Single by Alcazar

from the album Alcazarized
- Released: 9 October 2003
- Genre: Pop
- Length: 3:53
- Label: BMG; RCA Records;
- Songwriter(s): Neil Tennant; Chris Lowe;
- Producer(s): Anders Wollbeck; Mattias Lindblom;

Alcazar singles chronology
| "Someday" (2003) | "Love Life" (2003) | "This Is the World We Live In" (2004) |

Audio video
- "Love Life" on YouTube

= Love Life (song) =

2003 single by Alcazar

"Love Life" is a song written by English synth-pop duo Pet Shop Boys and first released by the Swedish band Alcazar, as the fourth single from their second album, Alcazarized (2003). The song reached the top 10 in Sweden.

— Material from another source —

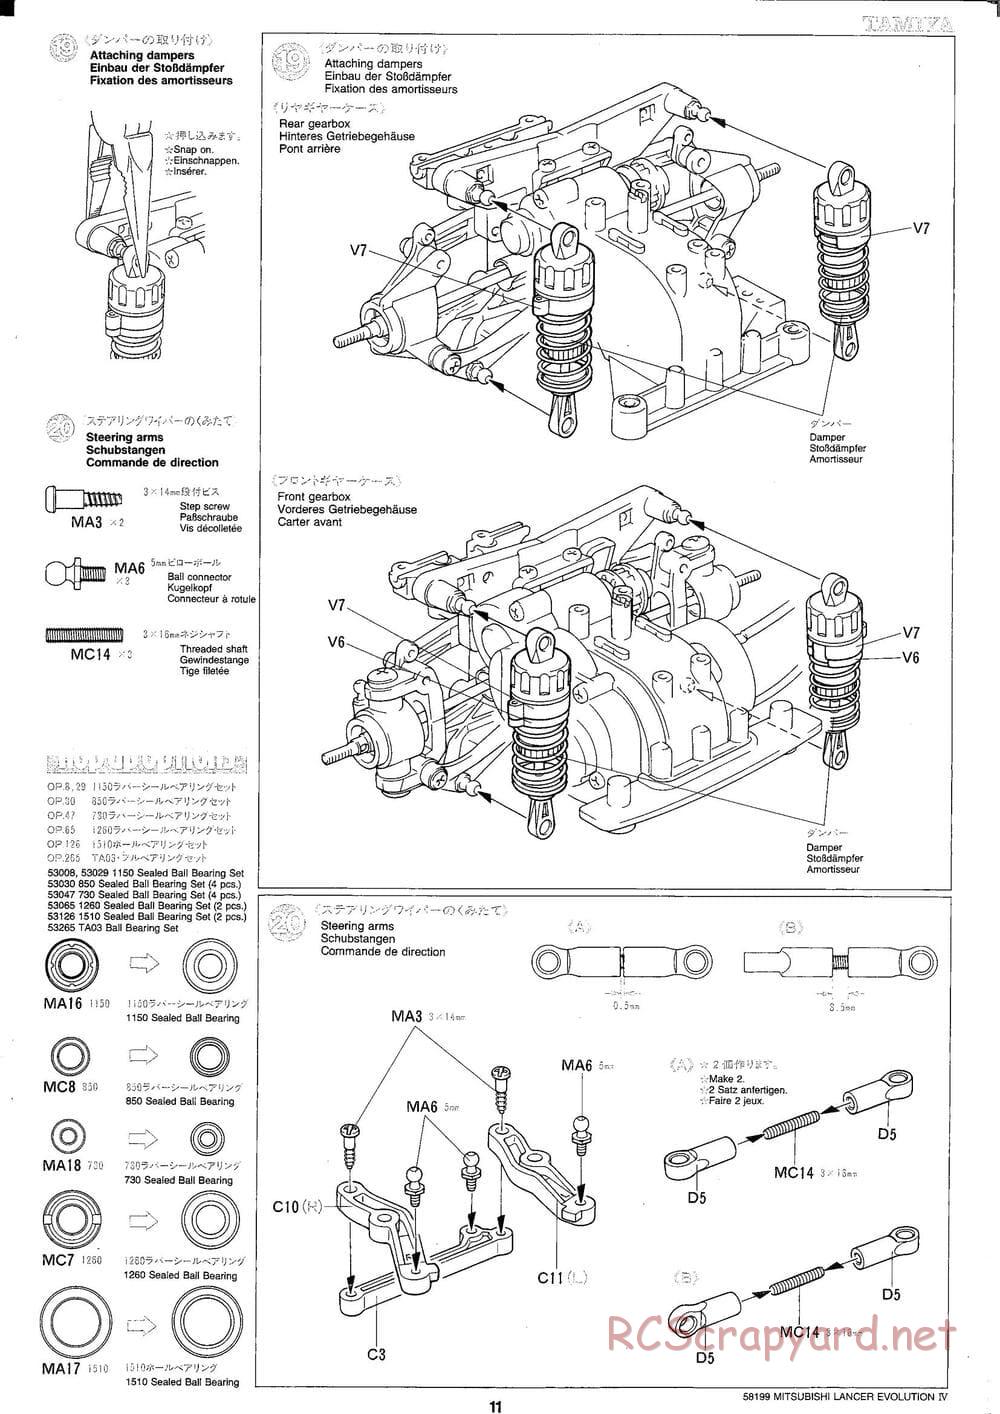 Tamiya - Mitsubishi Lancer Evolution IV - TA-03F Chassis - Manual - Page 11

Pet Shop Boys released their own version for Record Store Day in 2010.

==Background and composition==
Neil Tennant and Chris Lowe wrote and recorded "Love Life" in 2001 but did not release it at that time. The song was originally titled "Can I Be the One?", and the lyrics are written in the form of a personal advertisement from someone seeking companionship.

==Alcazar version==
In 2002, Alcazar played a concert at the London Astoria and met Tennant and Lowe, who were fans of the song "Crying at the Discoteque" (2000). Andreas Lundstedt later contacted the duo about contributing a song to the next Alcazar album, and Pet Shop Boys sent him the demo of "Love Life". Alcazarized was released in May 2003.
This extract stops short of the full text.